EMOTIV EPOC has 14 EEG sensors of which 8 are positioned around the frontal and prefrontal lobes, which by virtue of their location pick up signals from facial muscles and the eyes. Most EEG systems treat these signals as noise and they are filtered or ignored when interpreting the signals. The EMOTIV detection system also filters these signals out before interpreting the brain signals, however, we also use these signals to classify which muscle groups are causing them, we call this Smart Artifacts.
We have developed efficient classifiers to detect many facial expressions, including blink, left wink, right wink, raised eyebrows (surprise), furrowed brows (frown), smile and clenched teeth.
Our Facial Expressions are detected from muscle noise, except for eye rotations which arise from the fact that the eye is electrically polarised and the moving dipole also creates a detectable elecrical signal. It is a challenge with conventional EEG systems to eliminate the effects of muscle signal from the brain patterns and most medical EEGs require the patient to sit very still so they can see the brain signals with high enough integrity to diagnose functional problems (and even then much of the data is discarded due to blinks and other involuntary motions such as swallowing.
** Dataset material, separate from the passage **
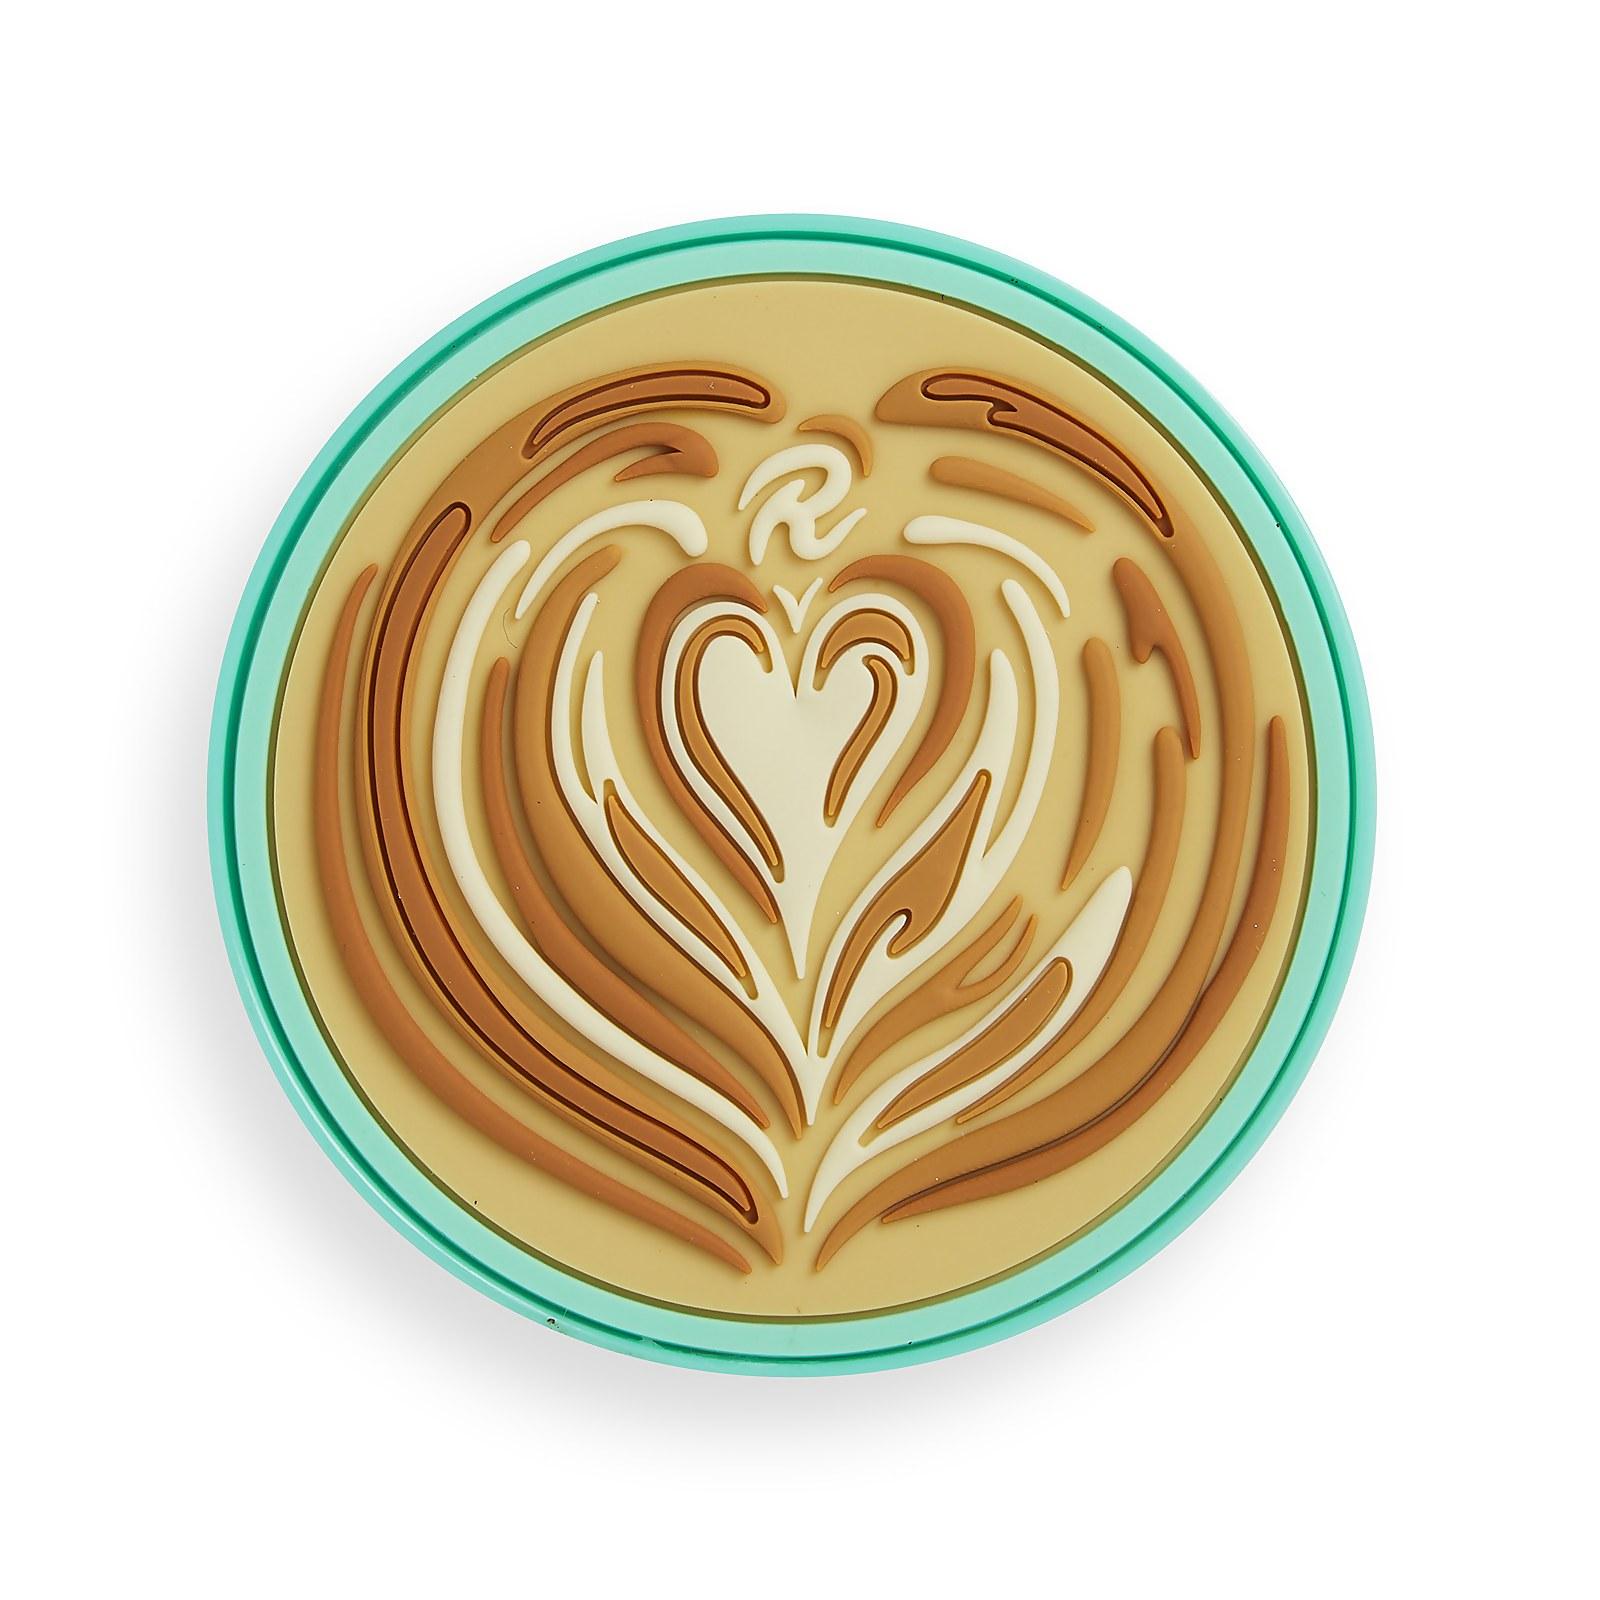 Купить Revolution I Heart Revolution Tasty Coffee Bronzer - Cappuccino

We took a different approach, which is that there is valuable information about the user's facial expression which can be derived from the pattern of muscle signals, and we developed specific classifier systems to allocate different muscle group activation patterns to specific expressions. We are then able to apply some filtering to our brain signals so we have a better chance of seeing the real brain signal through the muscle noise because we can tell what kinds of muscle signal are occurring.
We use a combination of filtering and specific brain pattern features which are less affected by muscle movements to derive the underlying brain behavior.